Zauważyłem , że ktoś wychodzi z zaplecza i oczywiście to była ona. Brunetka, niebieskie oczy, miała z 170cm wzrostu, ale i tak była sporo niższa ode mnie. Bardzo ładna tylko szkoda, że taka bezczelna i pyskata. Zatrzymałem się i przyjrzałem się jej chwilę.

-Witam panią.-powiedziałem spokojnie i ucieszyłem się, że ją zaskoczyłem.

-O wi ..witam.- usłyszałam jej niepewne powitanie i widziałem jak zerka na mojego brata.

-Gdzie znalazłeś taką sprzedawczynie?- zapytałem Tomasa, ale dziewczyna z uśmiechem na twarzy odpowiedziała mi zamiast niego

-W wyszukiwarce internetowej. Wystarczy wpisać "dobry sprzedawca"-  oznajmiła, a mój brat parsknął śmiechem na jej odpowiedź. Zaczął kaszleć, aby to zamaskować tylko słabo mu to wychodziło. Spojrzałem na nią wkurzony, ale ona tylko się uśmiechała.

-Tomas czy Ty straciłeś rozum zatrudniając ją?! - krzyknąłem do brata, który teraz wyglądał na zaskoczonego. Już miał się odezwać, gdy znowu wtrąciła  się dziewczyna.

-Tak się cieszę AS ,że Ci się spodobałam. I z wzajemnością. Mroczni i sztywni faceci zawsze mnie pociągali.- usłyszałem i zamarłem. Szczęka mi dosłownie opadła i nie wiedziałem jak mam zareagować. Mój brat za to miał z tego niezły ubaw. 

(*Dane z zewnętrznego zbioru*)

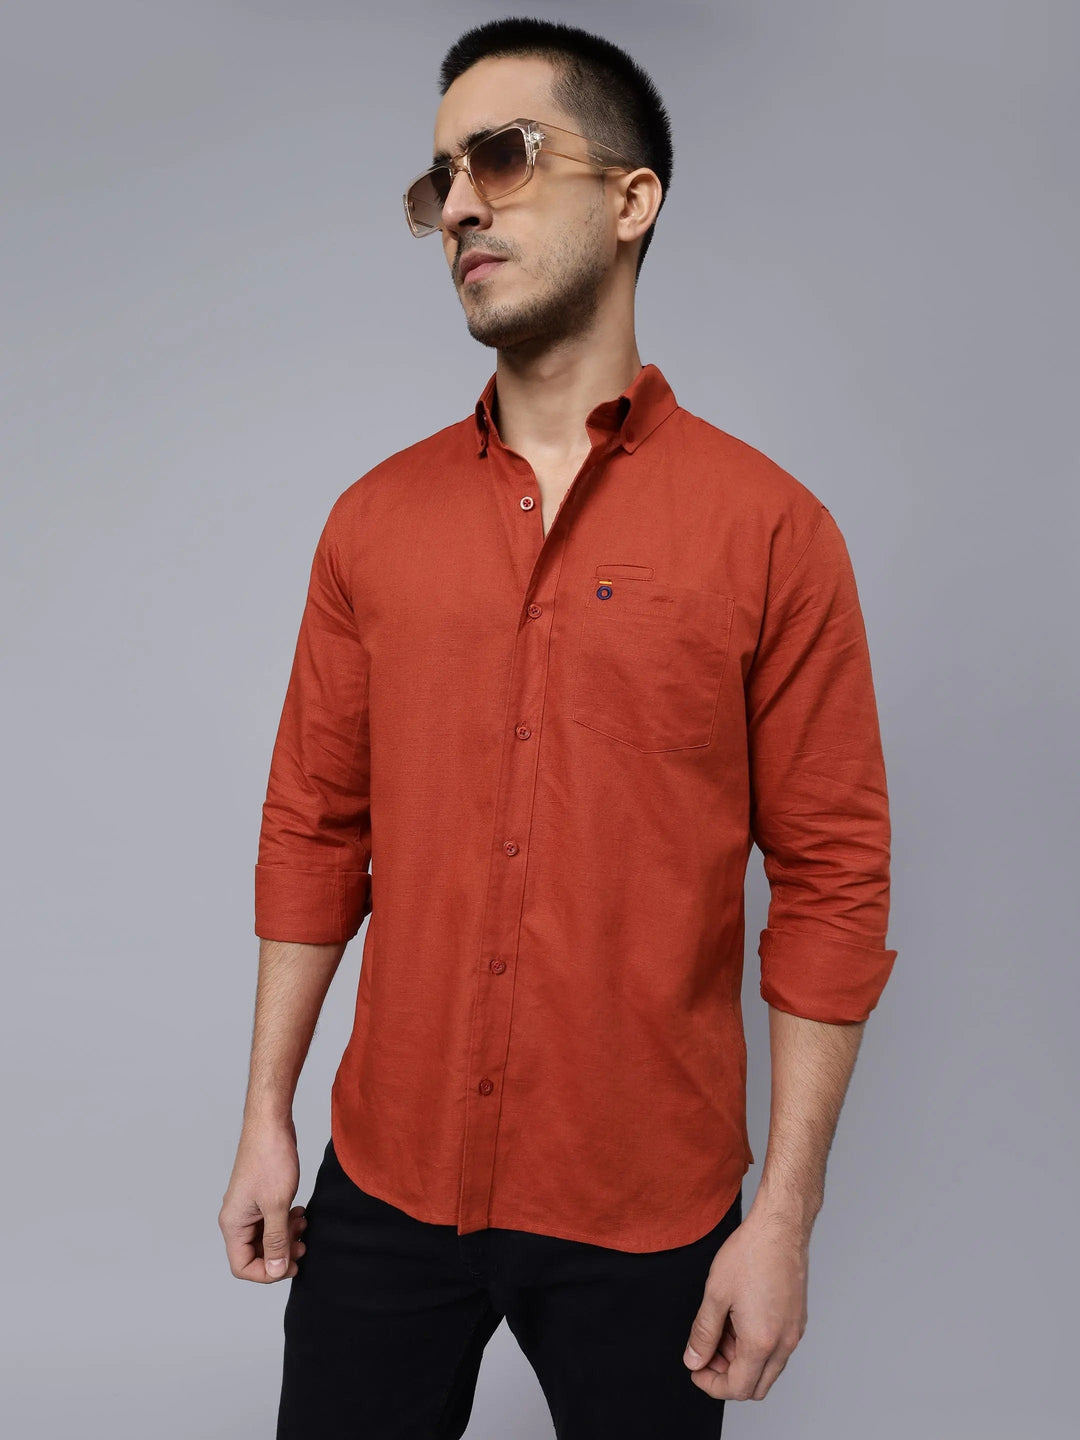 Regular Fit Cotton Solid Rust Casual Shirt For Men - Peplos Jeans

-Przepraszam , chętnie bym pogawędziła dłużej, ale mój szef może mnie za to opieprzyć. Rozumiesz mnie prawda?- puściła mi  oczko i uśmiechnęła się do Tomasa. Zobaczyłem jak odchodzi do lady.  Stałem jak wmurowany i nie mogłem uwierzyć , że to zrobiła. Kolejny raz wyszedłem na idiotę. Co jest z nią nie tak?

-Co oznacza te słowo AS?- zapytałem brata, bo nie dawało mi to spokoju od wczoraj. 

-Nie sadzę , że chcesz to wiedzieć Nick.- odparł i poszedł na zewnątrz. Gdy go dogoniłem spojrzałem na niego surowo i zdecydowanie powiedziałem.

-Owszem, chcę.

-Ok sam się prosiłeś. AS to arogancki sukinsyn. - oznajmił, a ja zatrzymałem się w miejscu z wrażenia.

Patrzyłem na niego i myślałem , że może jednak żartuje. A później poczułem gniew. Och ta dziewczyna nawet nie wie  z kim zadarła. Kazałem mu zaczekać i wróciłem do sklepu. Zobaczyłem ją przy jednym z regałów i podszedłem  do niej zdecydowanym krokiem. Gdy mnie ujrzałam widziałam zdziwienie w jej oczach, ale szybko zniknęło:

- Czyżbyś się już stęsknił AS , musisz pocz.....- nie dałem jej dokończyć i ją pocałowałem.

Najpierw zesztywniała, a po chwili zaczęła się szarpać. Przytrzymałem ją mocniej przy sobie, aby mi się nie wyrwała.  Nie sądziłem ,że ma takie cudowne usta, słodkie i namiętne. Gdy się odsunąłem i spojrzałem jej w oczy widziałem, że ledwo dochodzi do siebie. Po chwili  chciała wymierzyć mi policzek, ale spodziewałem się tego. Przytrzymałem jej nadgarstek i wyszeptałem jej do ucha:

- Już wiem co oznacza ten skrót skarbie i nawet nie wiesz jak wielkim jestem ASEM, ale się o tym przekonasz. Wkrótce. -piorunowała mnie wzrokiem, ale tym razem to ja wygrałem bitwę.

 Puściłem ją i szybko wyszedłem ze sklepu, słysząc jak mnie przeklina. Tym razem to ja wyprowadziłem ją z równowagi i nie miałam szans, aby zareagować. Wsiadłem do samochodu Tomasa z uśmiechem na twarzy.